Cockcroft D W, Swystun V A
Department of Medicine, Royal University Hospital, Saskatoon, Saskatchewan, Canada.
Thorax. 1997 Oct;52(10):845-8. doi: 10.1136/thx.52.10.845.
Commercially available salbutamol is a racemic mixture consisting of equal amounts of the two enantiomers, R-salbutamol and S-salbutamol, felt to be active and inert, respectively.
A double blind, randomised, four way, crossover study was performed in 12 well controlled asthmatic subjects (forced expiratory volume in one second (FEV1) > 70% predicted, no beta 2 agonists for > or = 4 weeks). Subjects were studied on four days at intervals of 48 hours to seven days. FEV1 was assessed before and both FEV1 and methacholine PC20 were measured 20 and 180 minutes after a single dose of nebulised racemic salbutamol 2.5 mg, R-salbutamol 1.25 mg, S-salbutamol 1.25 mg, and placebo.

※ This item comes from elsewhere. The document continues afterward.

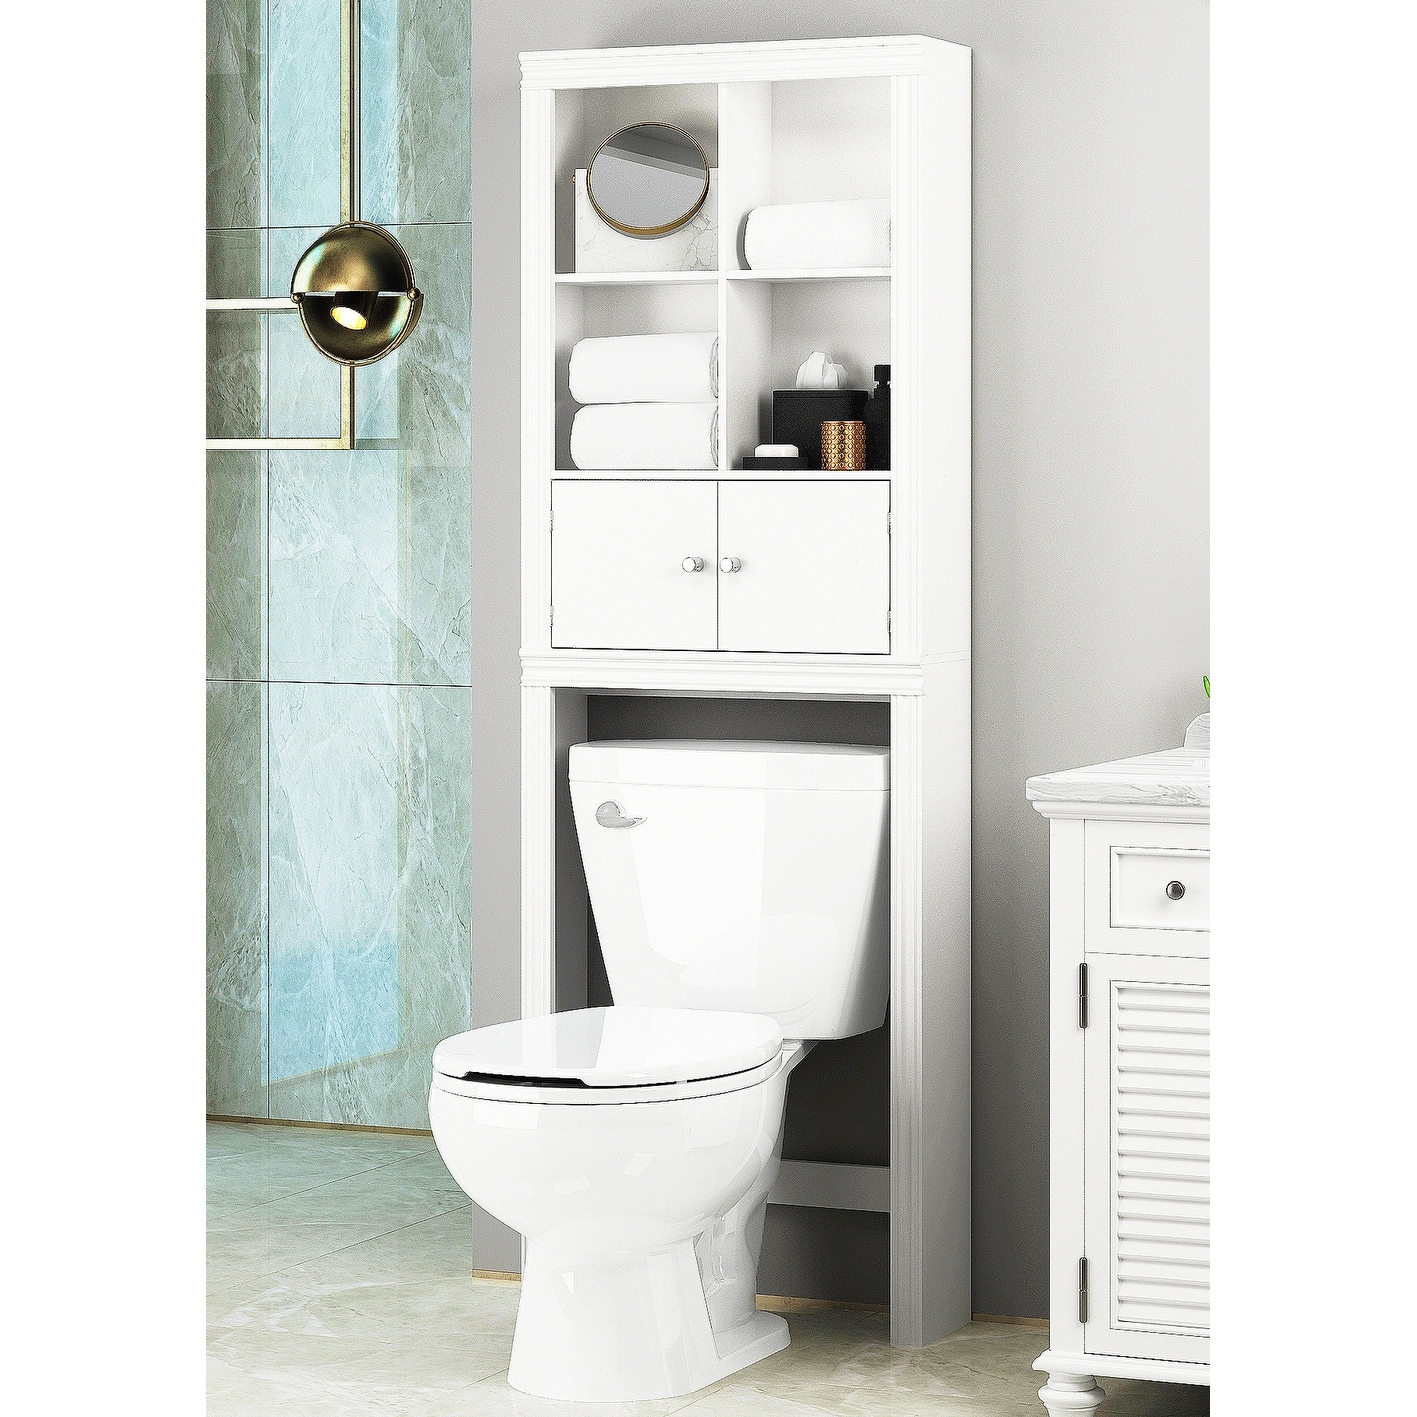 https://ak1.ostkcdn.com/images/products/is/images/direct/015c68f2f5f5be4c7ff4931c57b63e128c4bacba/Spirich-Home-Bathroom-Shelf-Over-The-Toilet%2C-Bathroom-Cabinet-Organizer-Over-Toilet%2C-Space-Saver-Cabinet-Storage-%28White%29.jpg

Equivalent bronchodilation was seen for both R-salbutamol and racemic salbutamol (mean (SE) 12.4 (3.1)% and 12.0 (3.0)%, respectively, at 20 minutes and 5.9 (2.9)% and 5.2 (2.2)% at 180 minutes). The increase in FEV1 of 5.2 (0.9)% at 20 minutes and the decline in FEV1 of 2.9 (2.1)% at 180 minutes after S-salbutamol were not significantly different from the placebo response. Compared with placebo the methacholine PC20 after R-salbutamol and racemic salbutamol improved by 3.3 (95% CI 2.5 to 4.1) and 3.4 (95% CI 2.6 to 4.2) doubling doses, respectively, at 20 minutes and 1.2 (95% CI 0.6 to 1.8) and 1.0 (95% CI 0.2 to 1.8) doubling doses at 180 minutes. S-salbutamol resulted in an improvement of 0.9 (95% CI 0.3 to 1.5) doubling doses at 20 minutes and no change at 180 minutes. Restlessness (n = 11) and increased pulse were seen 20 minutes after racemic and R-salbutamol but not S-salbutamol or placebo, and not at 180 minutes. There were no other adverse events.
A single dose of 1.25 mg nebulised R-salbutamol produced equivalent bronchoprotection, bronchodilation, restlessness, and tachycardia as did 2.5 mg of racemic salbutamol. S-salbutamol 1.25 mg had a weak bronchoprotective effect; this could be because of a small amount of contamination with R-salbutamol or because S-salbutamol is an intrinsically weak beta 2 receptor stimulant.
市售沙丁胺醇是一种消旋混合物,由等量的两种对映体R - 沙丁胺醇和S - 沙丁胺醇组成,分别被认为是活性和惰性的。
对12名病情控制良好的哮喘患者(一秒用力呼气量(FEV1)>预测值的70%,≥4周未使用β2激动剂)进行了一项双盲、随机、四路交叉研究。受试者在间隔48小时至7天的4天内接受研究。在单次雾化吸入2.5mg消旋沙丁胺醇、1.25mg R - 沙丁胺醇、1.25mg S - 沙丁胺醇和安慰剂之前以及之后20分钟和180分钟测量FEV1,在给药后20分钟和180分钟同时测量FEV1和乙酰甲胆碱PC20。
R - 沙丁胺醇和消旋沙丁胺醇均出现等效的支气管扩张(20分钟时,平均(SE)分别为12.4(3.1)%和12.0(3.0)%;180分钟时分别为5.9(2.9)%和5.2(2.2)%)。S - 沙丁胺醇给药后20分钟FEV1增加5.2(0.9)%,180分钟FEV1下降2.9(2.1)%,与安慰剂反应无显著差异。与安慰剂相比,R - 沙丁胺醇和消旋沙丁胺醇给药后20分钟乙酰甲胆碱PC20分别提高3.3(95%CI 2.5至4.1)和3.4(95%CI 2.6至4.2)倍剂量,180分钟时分别提高1.2(95%CI 0.6至1.8)和1.0(95%CI 0.2至1.8)倍剂量。S - 沙丁胺醇给药后20分钟提高0.9(95%CI 0.3至1.5)倍剂量,180分钟时无变化。消旋沙丁胺醇和R - 沙丁胺醇给药后20分钟出现躁动(n = 11)和脉搏加快,而S - 沙丁胺醇或安慰剂给药后未出现,180分钟时也未出现。未出现其他不良事件。
单次雾化吸入1.25mg R - 沙丁胺醇产生的支气管保护、支气管扩张、躁动和心动过速效果与2.5mg消旋沙丁胺醇相当。1.25mg S - 沙丁胺醇具有较弱的支气管保护作用;这可能是由于少量R - 沙丁胺醇污染,或者因为S - 沙丁胺醇本质上是一种较弱的β2受体激动剂。